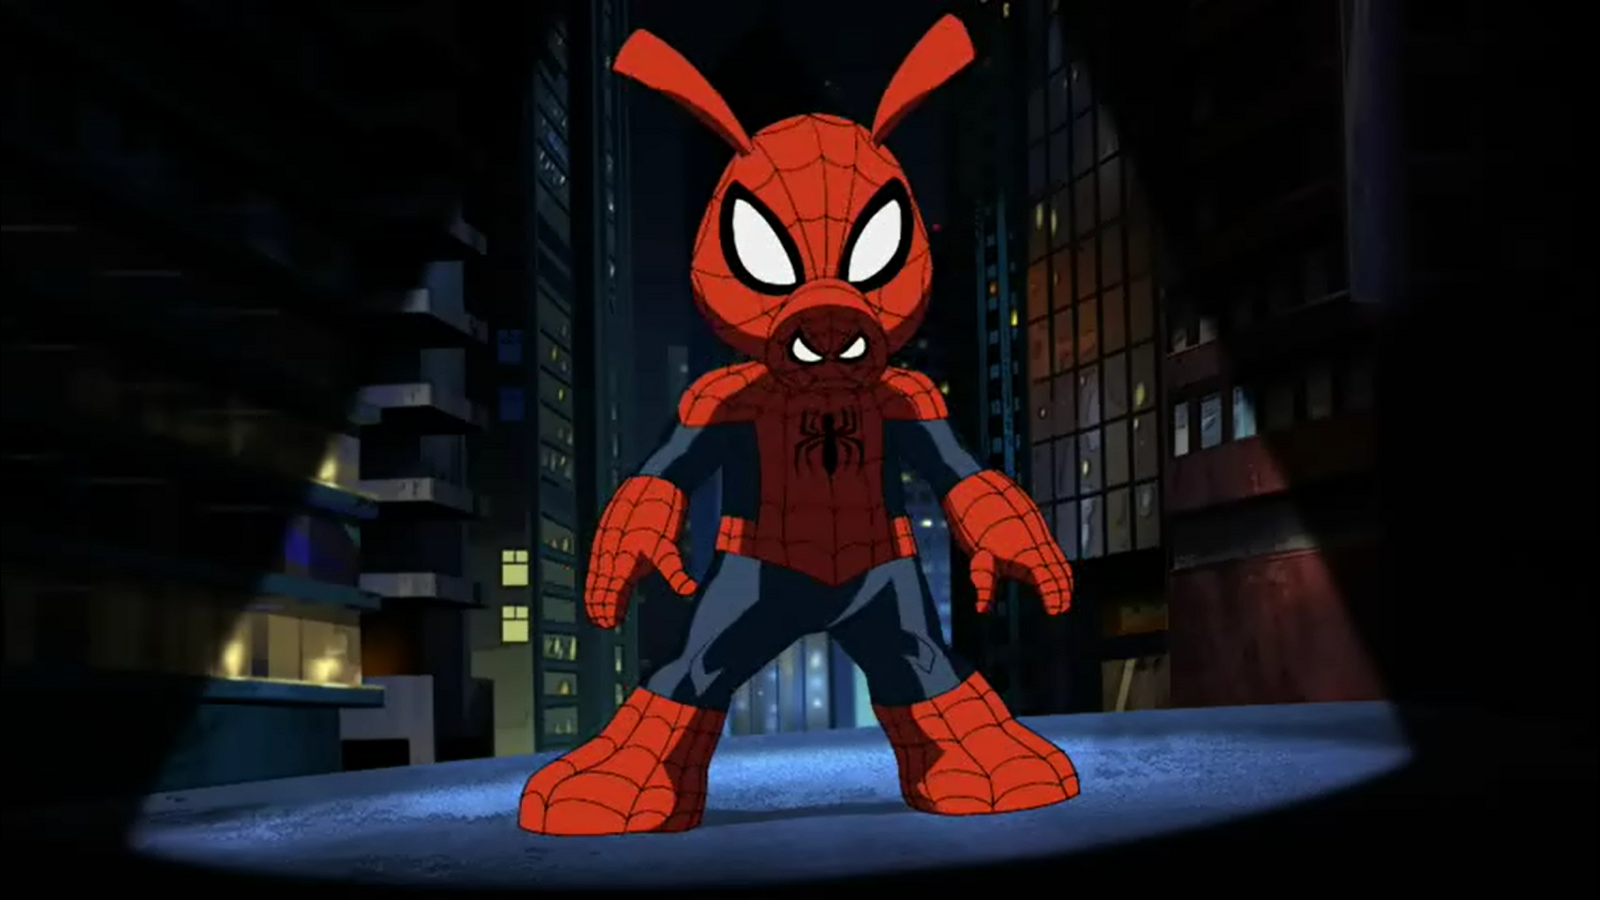 Spider-man(Marvel)+Spider Pig(Simpson). 
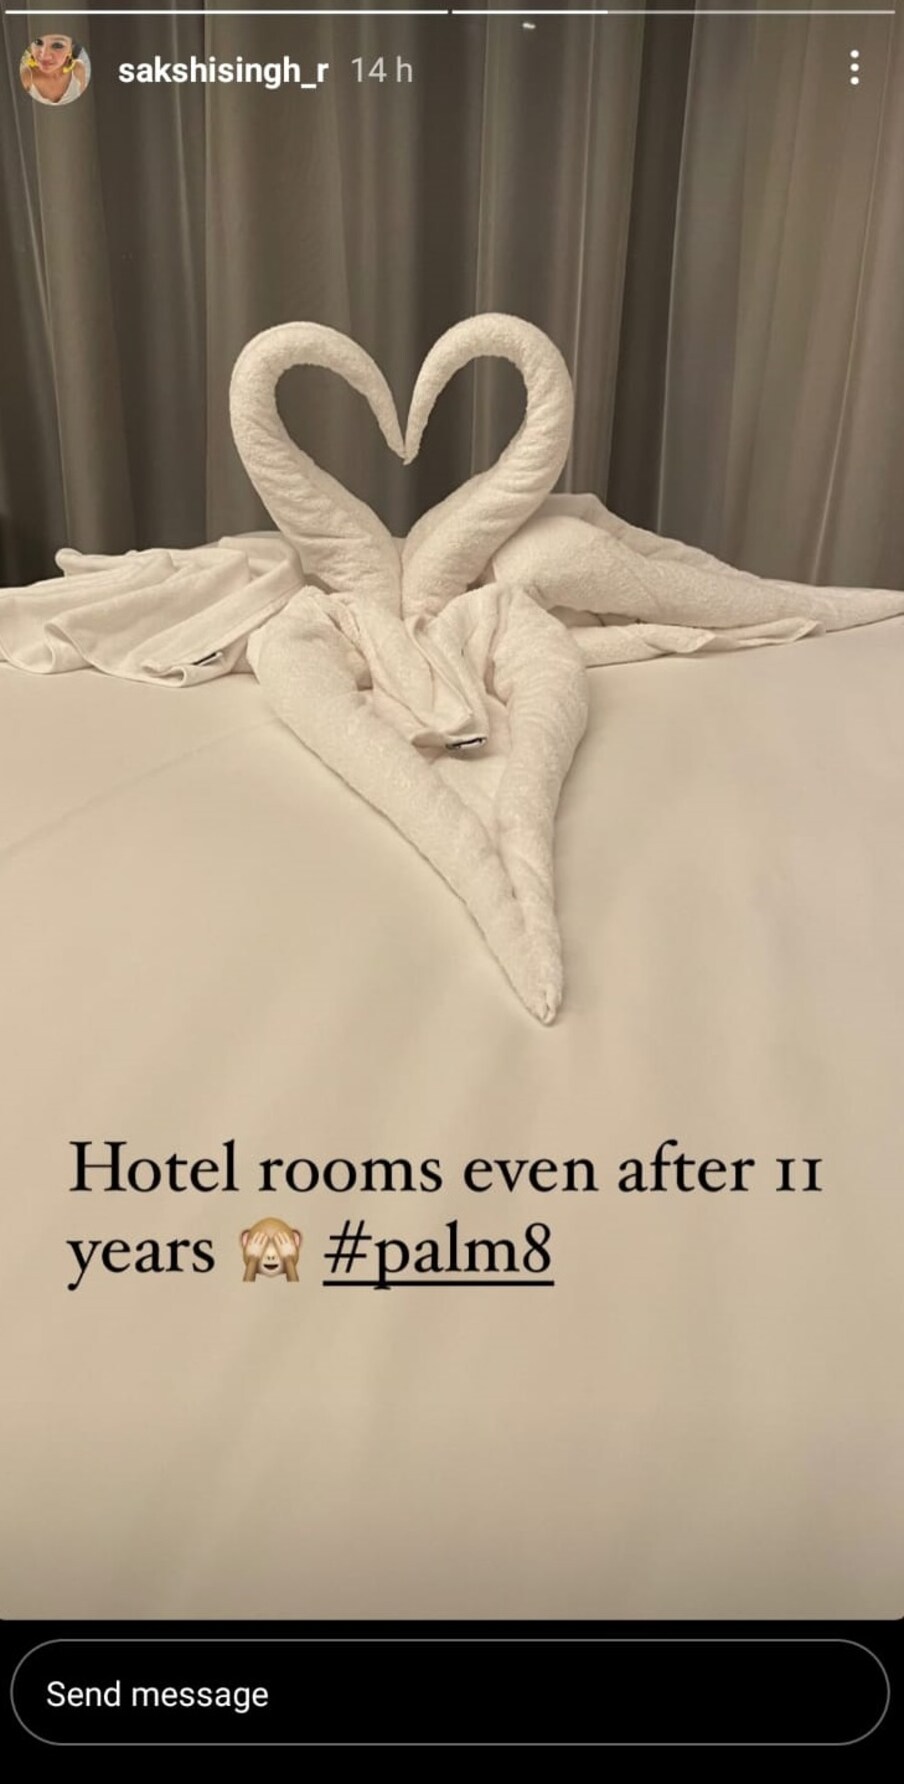  उन्‍होंने तस्‍वीर शेयर करते हुए लिखा कि होटल का कमरा यहां तक की 11 साल बाद... उन्‍होंने दोनों हाथ से चेहरे को छिपाते हुए इमोजी भी लगाई .
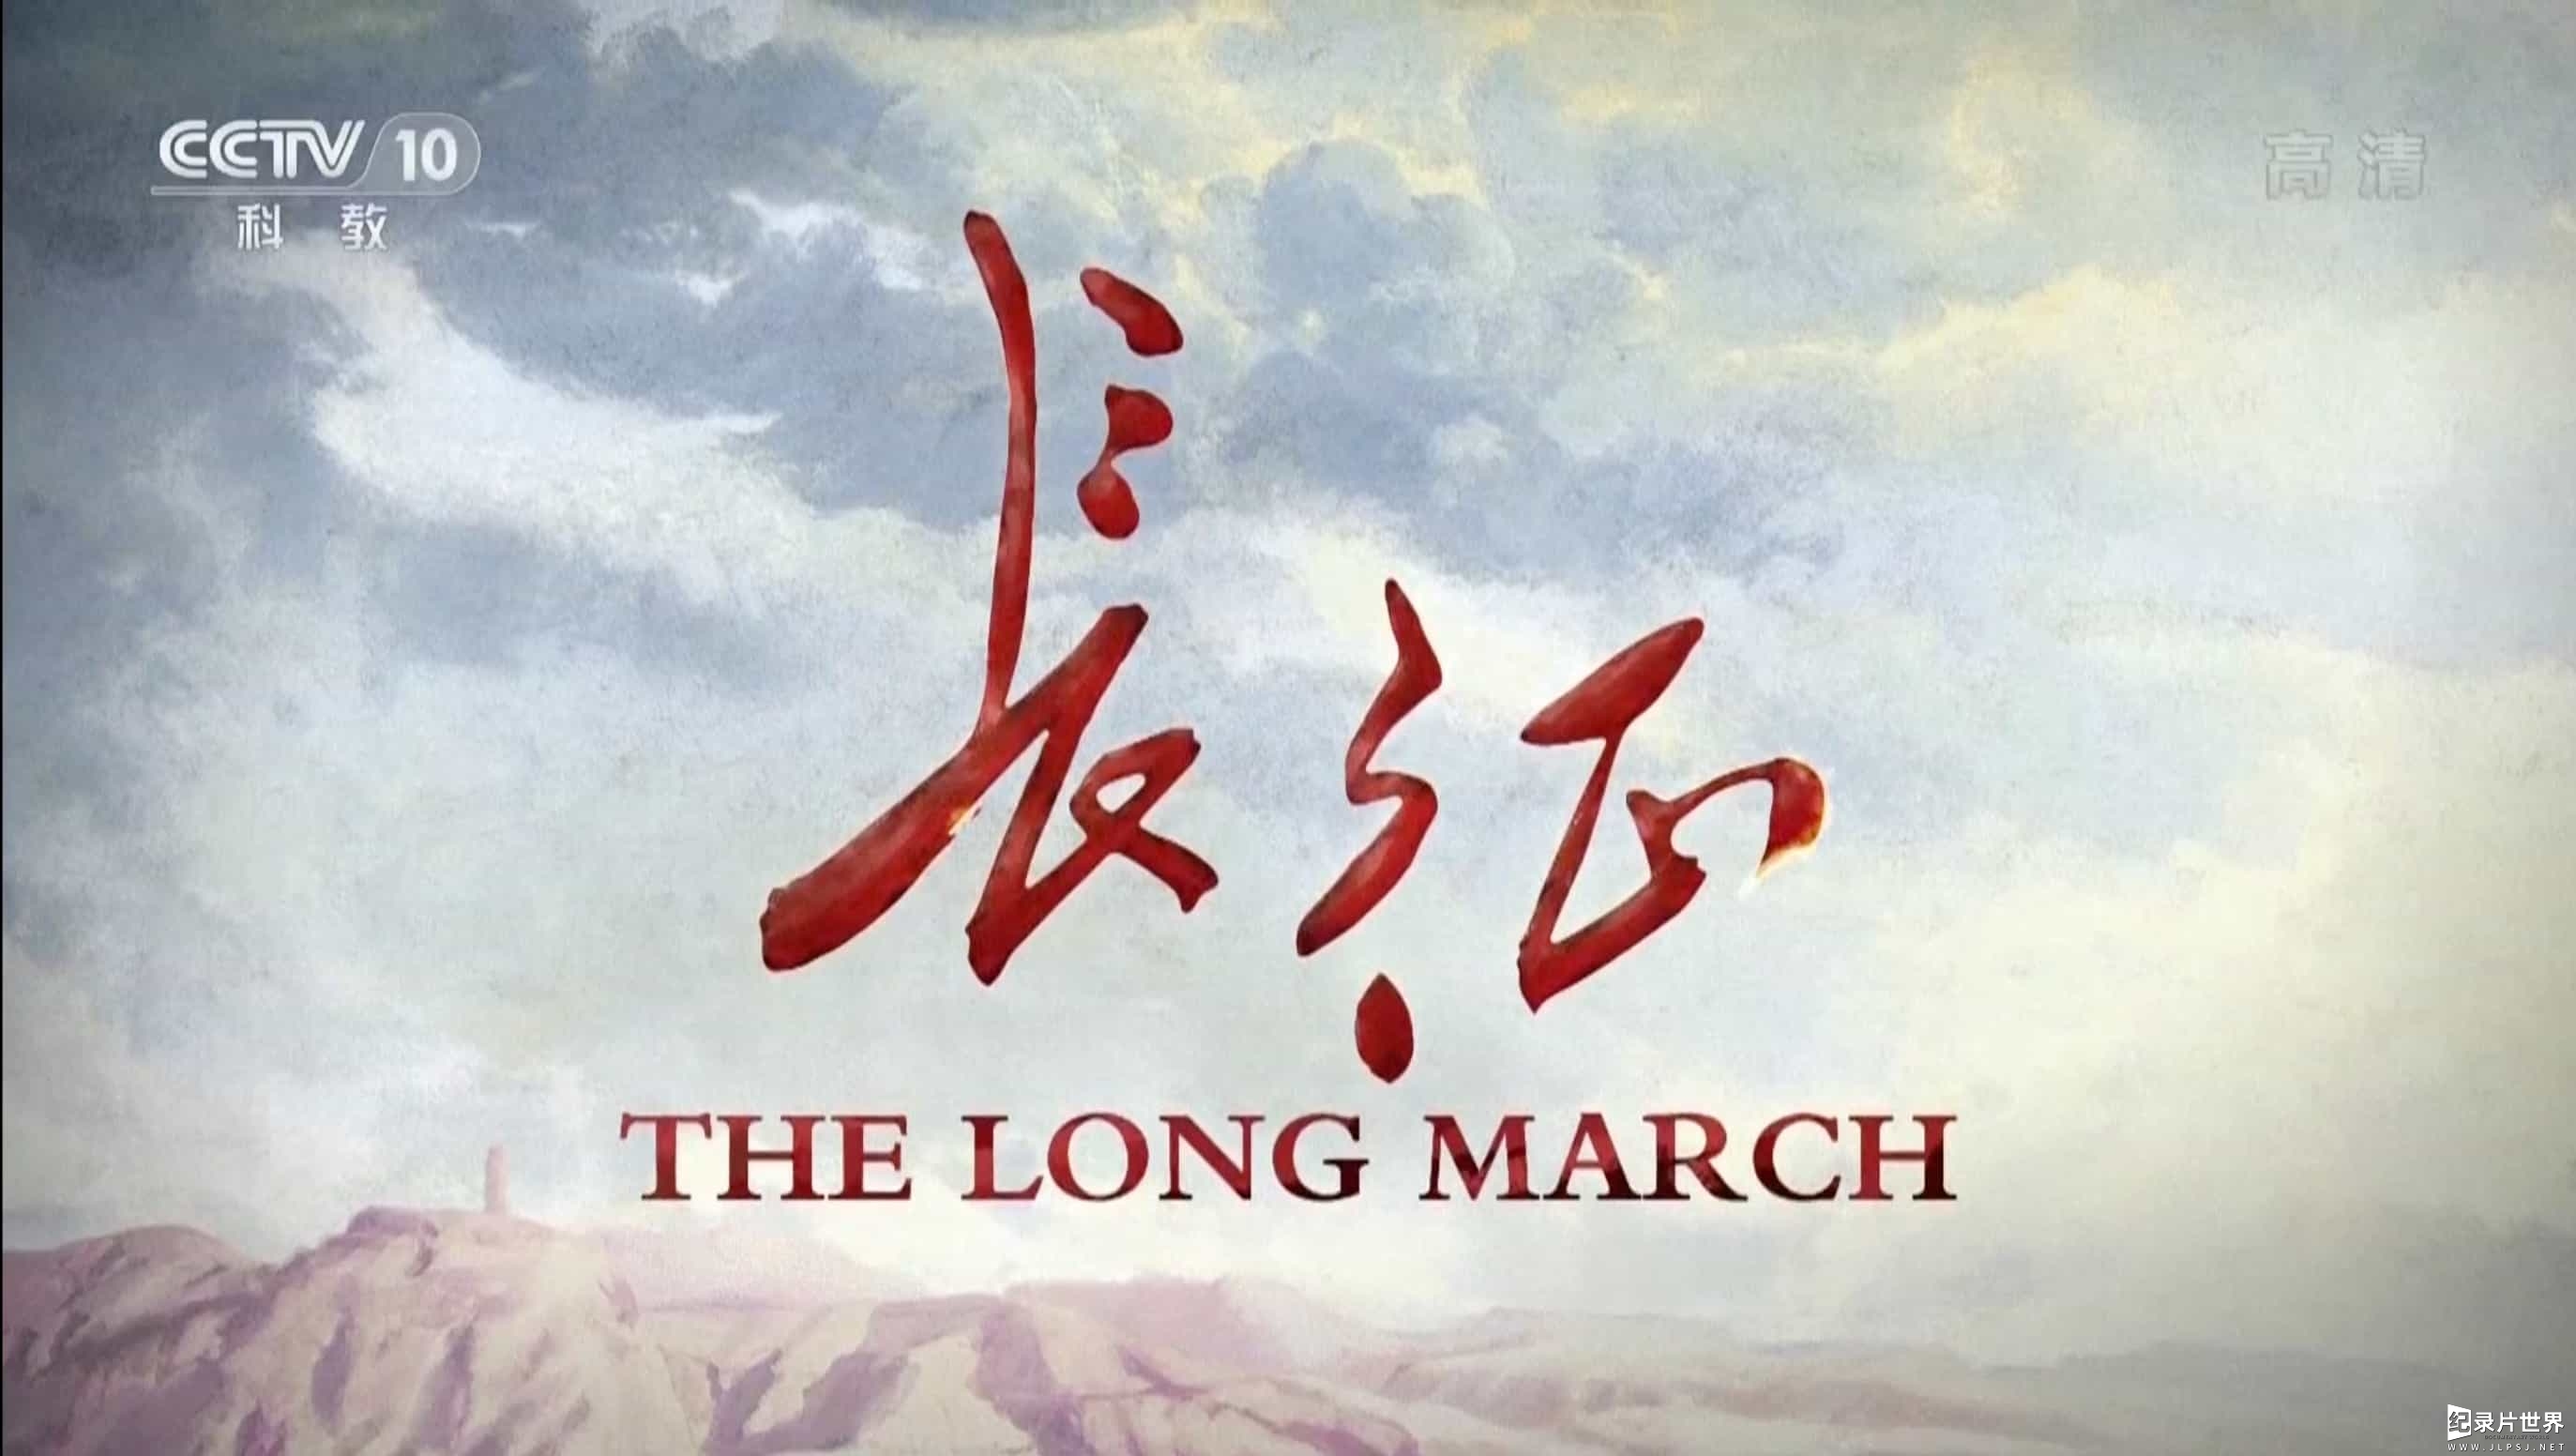 央视纪录片《长征 The Long March》国际版 全2集

+-------+

*ASSIGNMENT*.
Word for word, write out the full listing, leaving the pictures aside.

*FINISHED TASK*.
 Spider-man(Marvel)+Spider Pig(Simpson). 
  उन्‍होंने तस्‍वीर शेयर करते हुए लिखा कि होटल का कमरा यहां तक की 11 साल बाद... उन्‍होंने दोनों हाथ से चेहरे को छिपाते हुए इमोजी भी लगाई .
 央视纪录片《长征 The Long March》国际版 全2集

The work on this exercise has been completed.